Hello… our goal here is to help others learn about Blynk and guide them to resources they need to learn… we are not here to troubleshoot your code for you :wink:

So with that in mind…

Your overloaded void loop() (for Blynk application) is probably the root of your issue… there could be much more, but start here.

http://help.blynk.cc/getting-started-library-auth-token-code-examples/blynk-basics/keep-your-void-loop-clean

Hi Gunner

Thanks a lot for your feedback. I understand the purpose of the forum is not to debug my code, but I am suspecting the ESP8266 hanging is related to how I am using Blynk… Just adding code for checking if ESP8266 is connected to blynk before doing virtualWrites increased period between hanging from a few hours to a few days. I wanted to get some feedback on if I am using it incorrectly…
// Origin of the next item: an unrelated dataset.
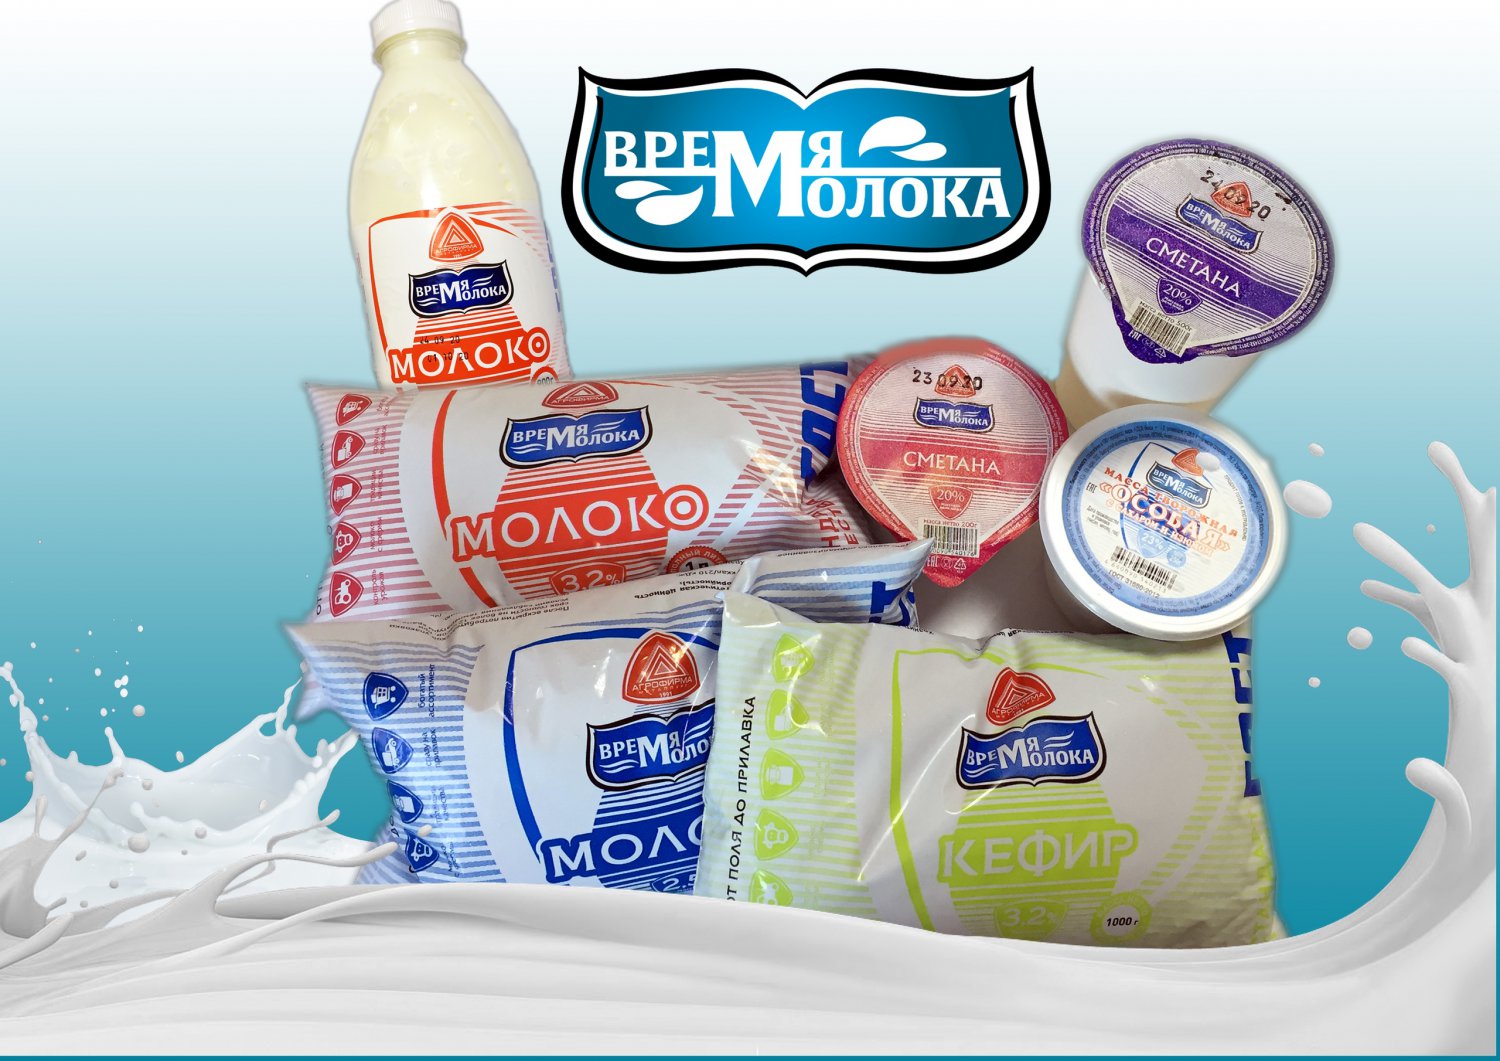 Выксунский молокозавод запустил новую торговую марку «Время Молока»

I will look at improving the void loop, but dont see how I can simplify it more (code can definitely be improved)
Everything except Blynk.run() is on a timer to avoid overloading, there are basically 3 timers:

Runs 1 second timer:
Triggers a new sensor read and checks the last sensor readings.
Checks temperature/humidity is within specs
Sends data to blynk

Runs every 2 seconds
Send data to LCD

Runs every minute timer:
Calculate new uptime and check if fan should be run
Check compressor timeout

All the code is straightforward with minimal operations, and should run quite fast (way under a second).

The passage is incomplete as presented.